Handshaking between the two devices may be accomplished using one
of a number of methods including, but not limited to: communication
device 100 detecting from the control data 812 the VAD information
indicating a high confidence in the presence of speech to be
received by the receiver 108, and in addition, detecting a
request-to-transmit from communication device 202, wherein
communication device 100 acknowledges the VAD information and the
request-to-transmit and both communication devices transmit their
respective voice signals at the reduced voice coding rate and using
FEC data having a reduced FEC rate.
[0037] Accordingly, the voice signal transmitted from communication
device 100 to communication device 202 includes voice data 802 that
was encoded at the reduced voice coding rate, FEC data 804 having a
first reduced FEC rate, and control data 806. The voice signal
transmitted from communication device 202 to communication device
100 includes voice data 808 that was encoded at the reduced voice
coding rate, FEC data 810 having a second reduced FEC rate, and
control data 812. Typically, the first and second reduced FEC rates
are essentially the same and may be, for instance, essentially the
same as the fixed FEC rate used to transmit voice signals in
accordance with the duplex mode of communication illustrated by
reference to FIGS. 3-6. However, it is appreciated by those of
ordinary skill in the art that the first and second reduced FEC
rates may not be the same, and is based on a design choice that may
be governed by other system parameters and requirements.
[0038] Referring to FIG. 9, the timing diagrams for user 1 and user
2 illustrate a state wherein communication device 100 is not
transmitting a voice signal and communication device 202 is
transmitting a voice signal.

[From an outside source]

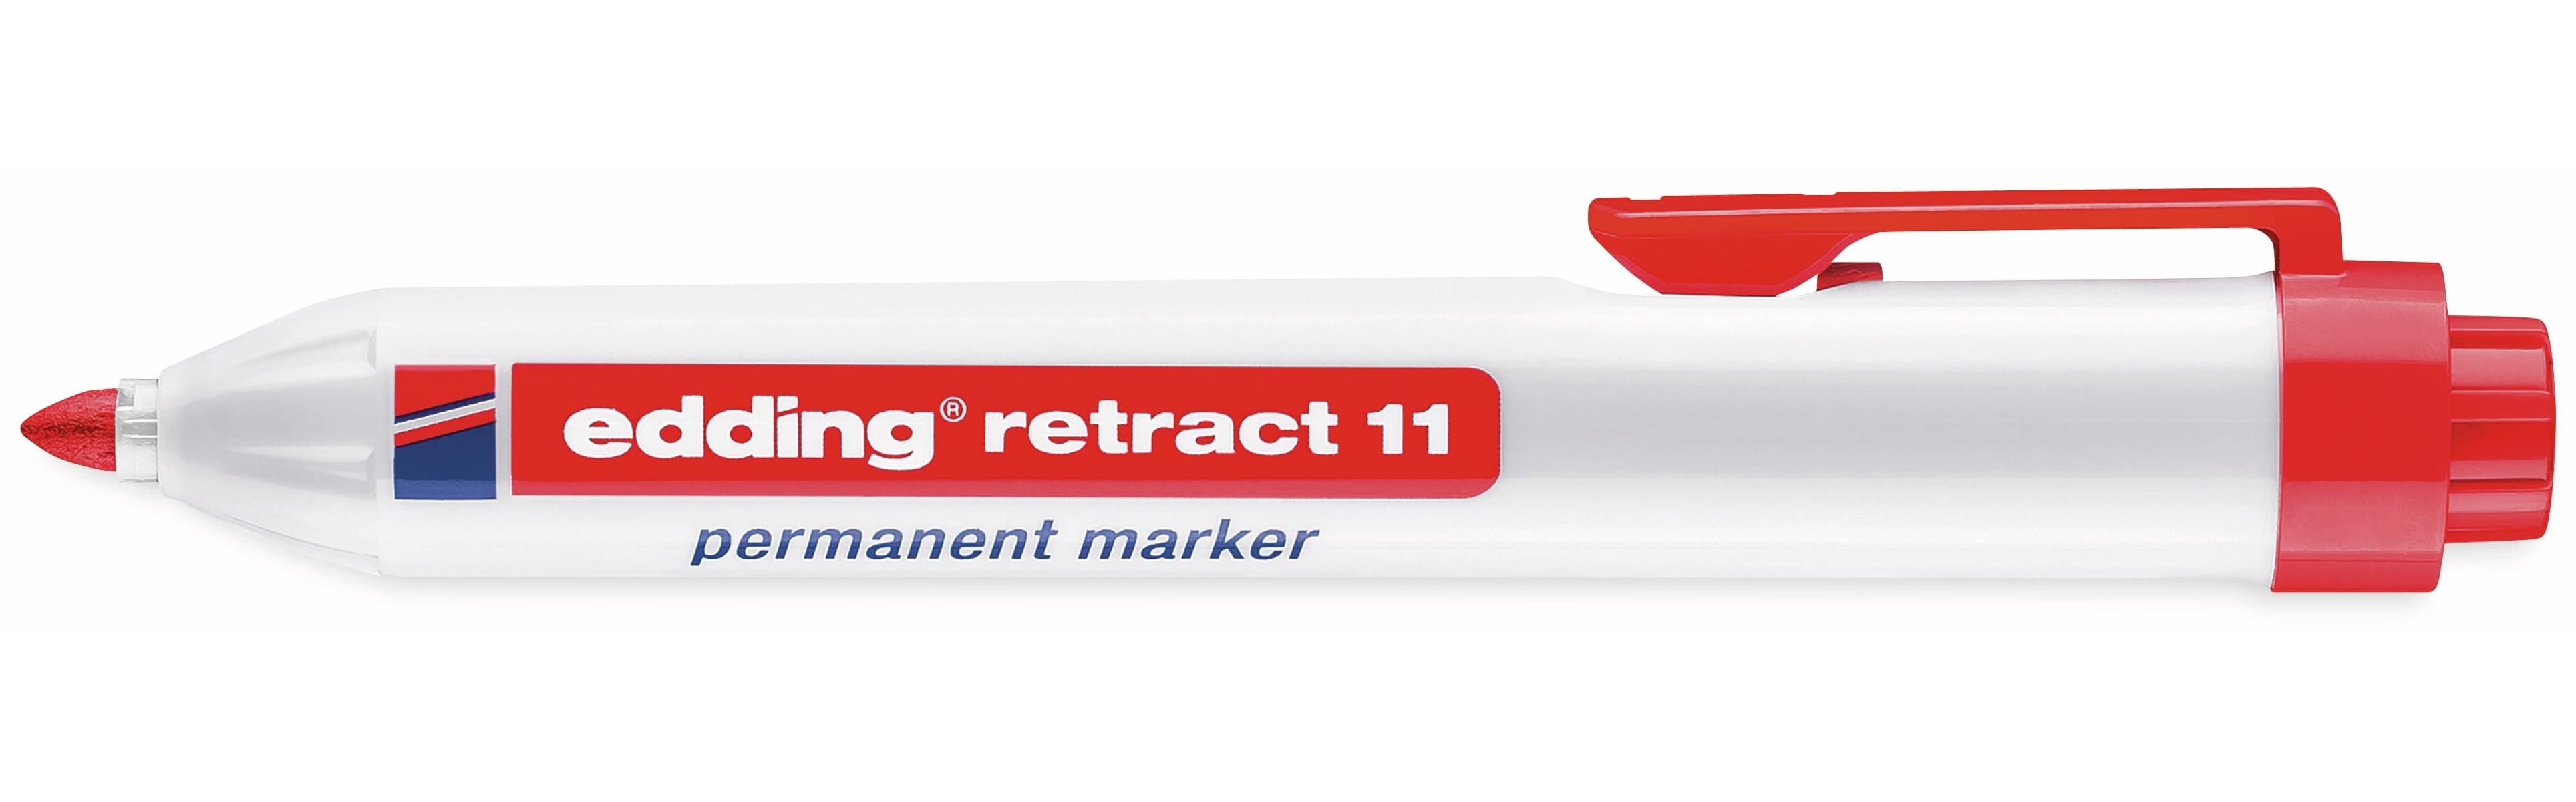 EDDING Permanent-Marker e-11 retract, rot

The transition from the state
illustrated in FIG. 8 to the state illustrated in FIG. 9 is
typically accomplished via handshaking between communication device
100 and communication device 202, wherein an FEC rate for the voice
coders in each communication device is agreed upon, which
determines the number of error correction bits that will be added
to the voice signals that each of the devices will be transmitting.
Handshaking between the two devices may be accomplished using one
of a number of methods including, but not limited to: communication
device 202 detecting from the control data received from
communication device 100 a low VAD number indicating a lower
confidence in the presence of speech, and as a result communication
device 202 requesting to use the maximum FEC rate to encode its
transmitted signal and wherein communication device 100
acknowledges and communication device 202 transmits its voice
signal at the maximum FEC rate.
[0039] Accordingly, the voice signal transmitted from communication
device 202 to communication device 100 includes voice data 902 that
was encoded at the reduced voice coding rate, FEC data 904 having
the maximum FEC rate, and control data 906. Following the
transmission of its voice signal, the transmitter of communication
device 202 releases the channel for a period 908. This time period
908 is reserved for communication device 100 to transmit its signal
that comprises control data 910. The ability to recover the lower
quality voice signal (by virtue of the reduced voice coding rate)
is, thereby, enhanced by the use of a higher FEC rate.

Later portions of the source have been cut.